Polynomial Regression
<aside>
💡 Polynomial regression = Polynomial transformation + Linear Regression
</aside>
Polynomial Features
- Polynomial features are those features created by raising existing features to an exponent.
- The “degree” of the polynomial is used to control the number of features added, e.g. a degree of 3 will add two new variables for each input variable.
- PolynomialFeatures transformer transforms an input data matrix into a new data matrix of a given degree.
Training
from sklearn.linear_model import LinearRegression
from sklearn.pipeline import Pipeline
from sklearn.preprocessing import PolynomialFeatures
# Two steps:
# 1. Polynomial features of the desired degree (here degree=2)
# 2. Linear regression
poly_model = Pipeline([
('polynomial_transform', PolynomialFeatures(degree=2))),
('linear_regression', LinearRegression())])
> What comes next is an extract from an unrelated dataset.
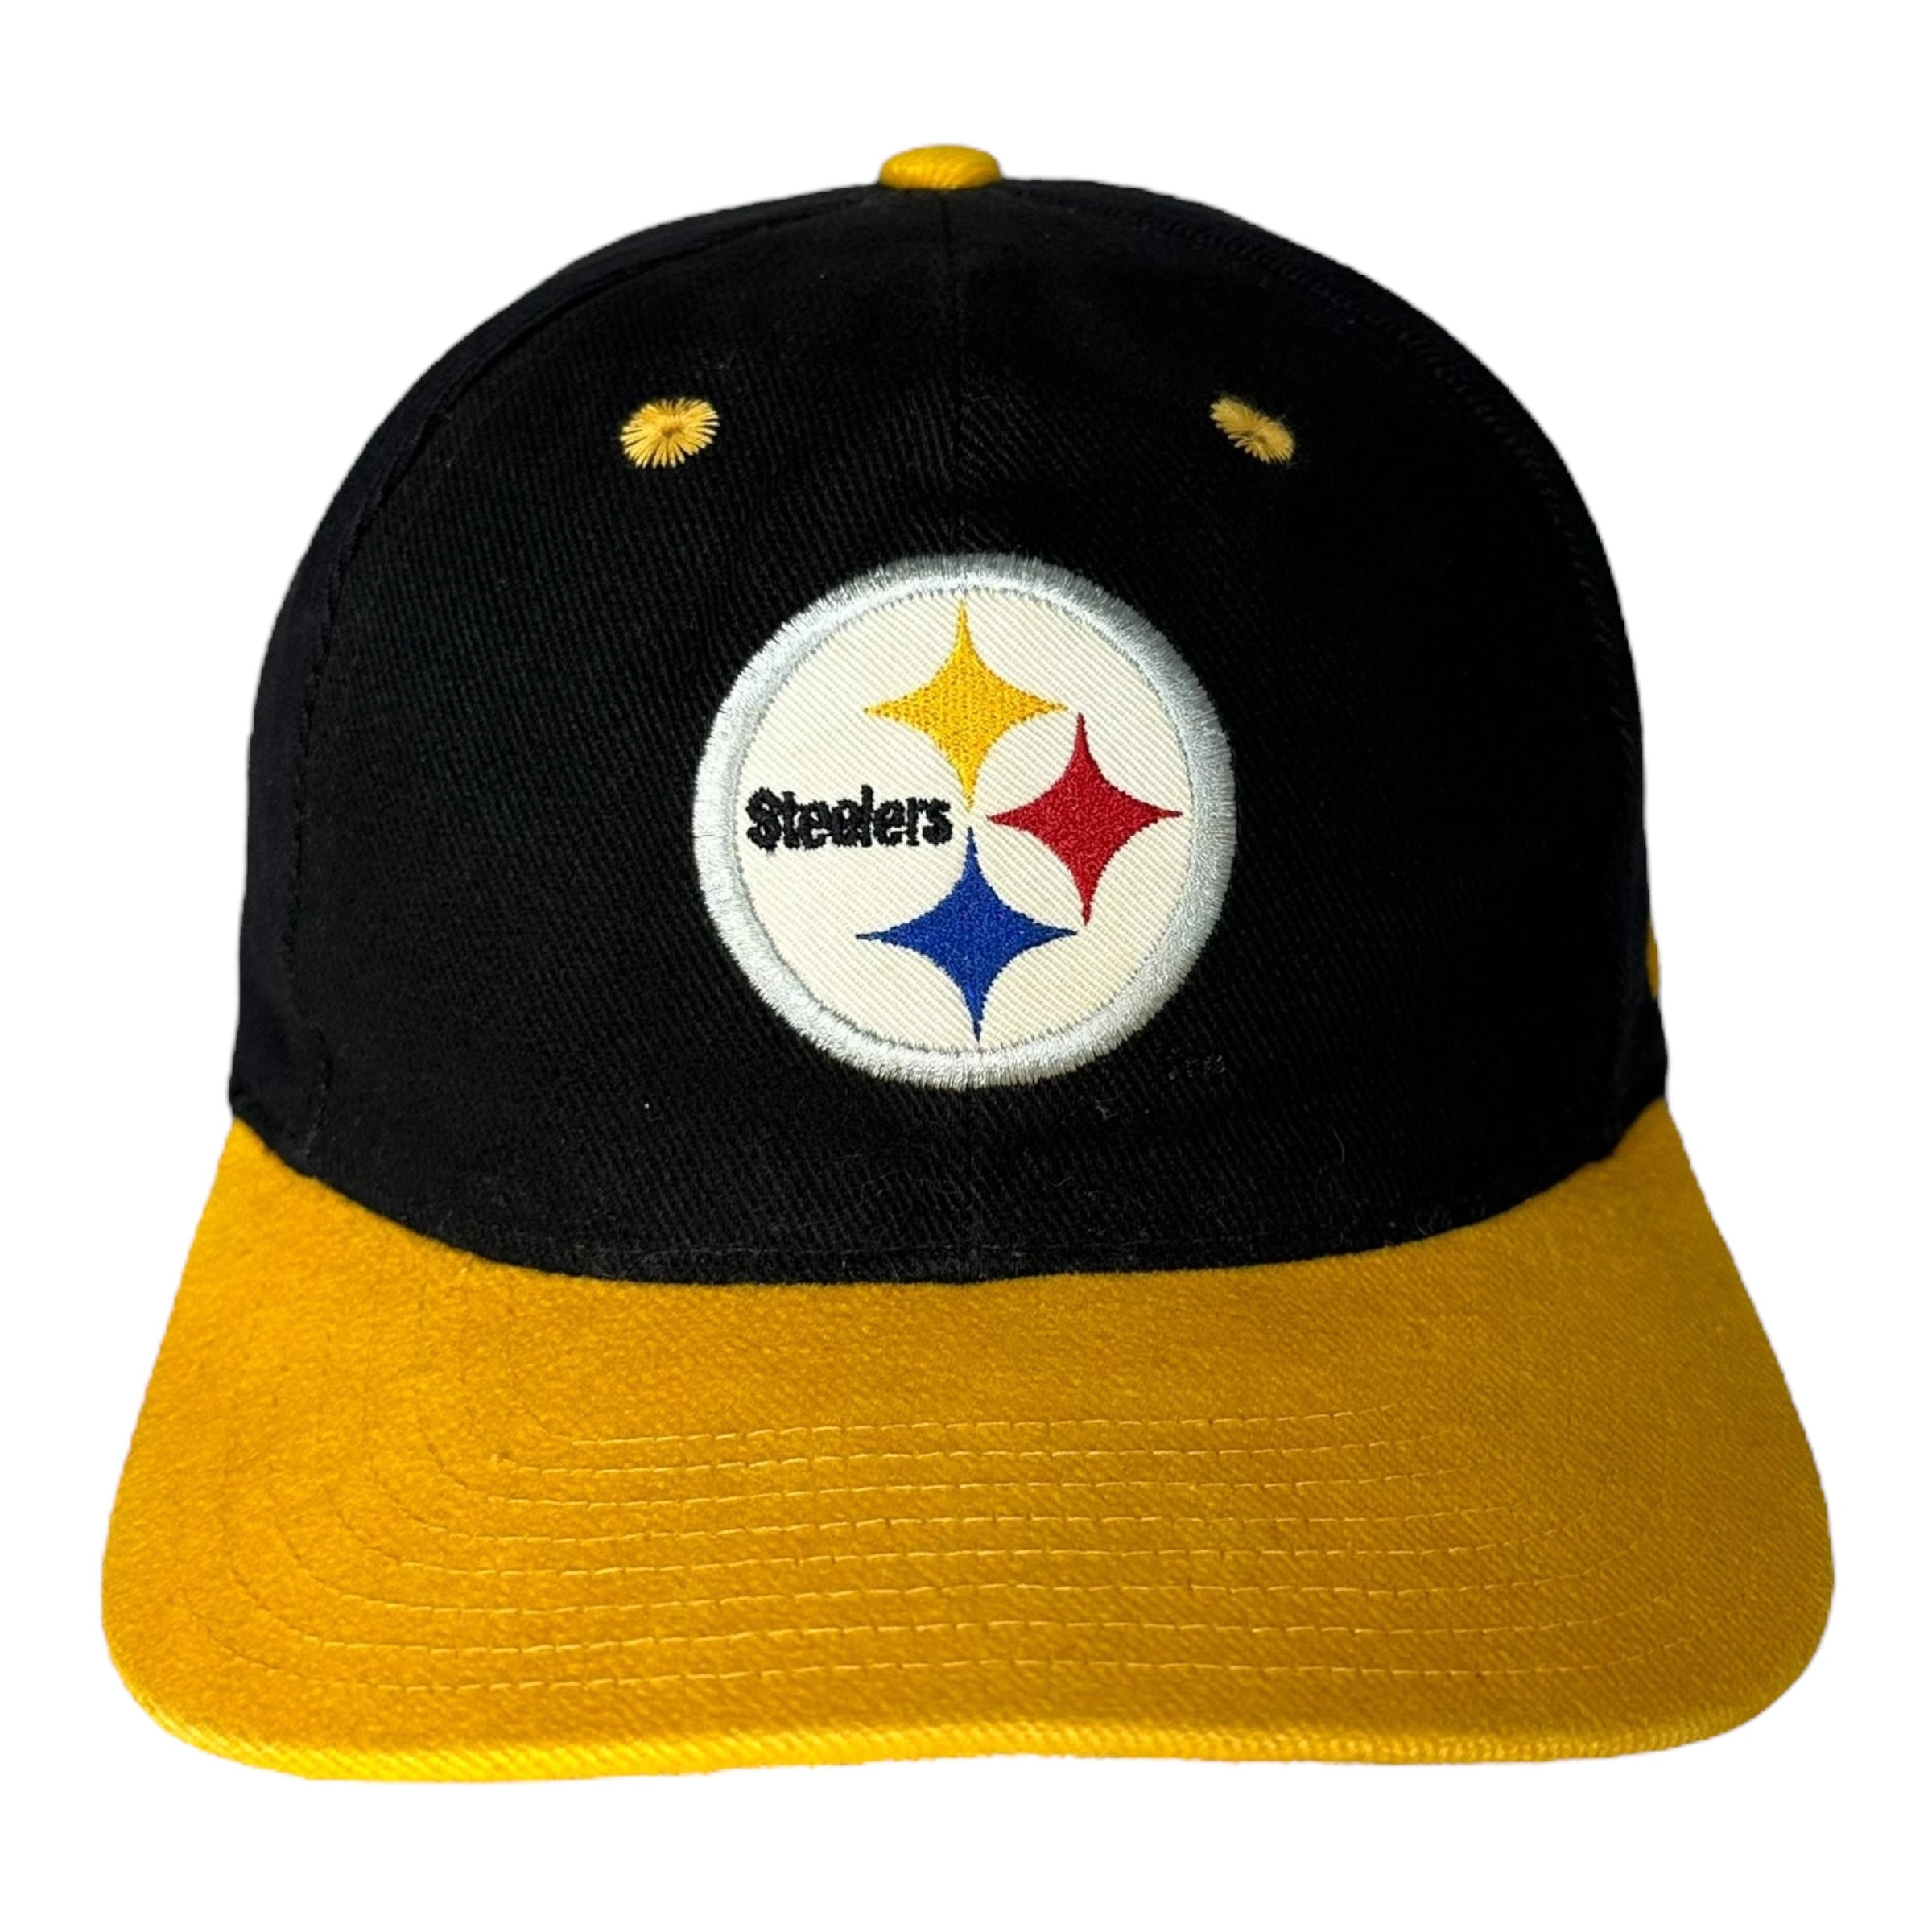 Vintage Nike Pittsburgh Steelers Snapback

# Train with feature matrix X_train and label vector y_train
poly_model.fit(X_train, y_train)
Interaction Features
- It is also common to add new variables that represent the interaction between features, e.g a new column that represents one variable multiplied by another. This too can be repeated for each input variable creating a new “interaction” variable for each pair of input variables.
- The “interaction_only” argument means that only the raw values (degree 1) and the interaction (pairs of values multiplied with each other) are included.
from sklearn.preprocessing import PolynomialFeatures
poly_transform = PolynomialFeatures(degree=2, interaction_only=True)
Hyperparameter Tuning
- Hyper-parameters are parameters that are not directly learnt within estimators.
- In sklearn, they are passed as arguments to the constructor of the estimator classes.
Setting hyperparameters
Select hyperparameters that result in the best cross-validation scores.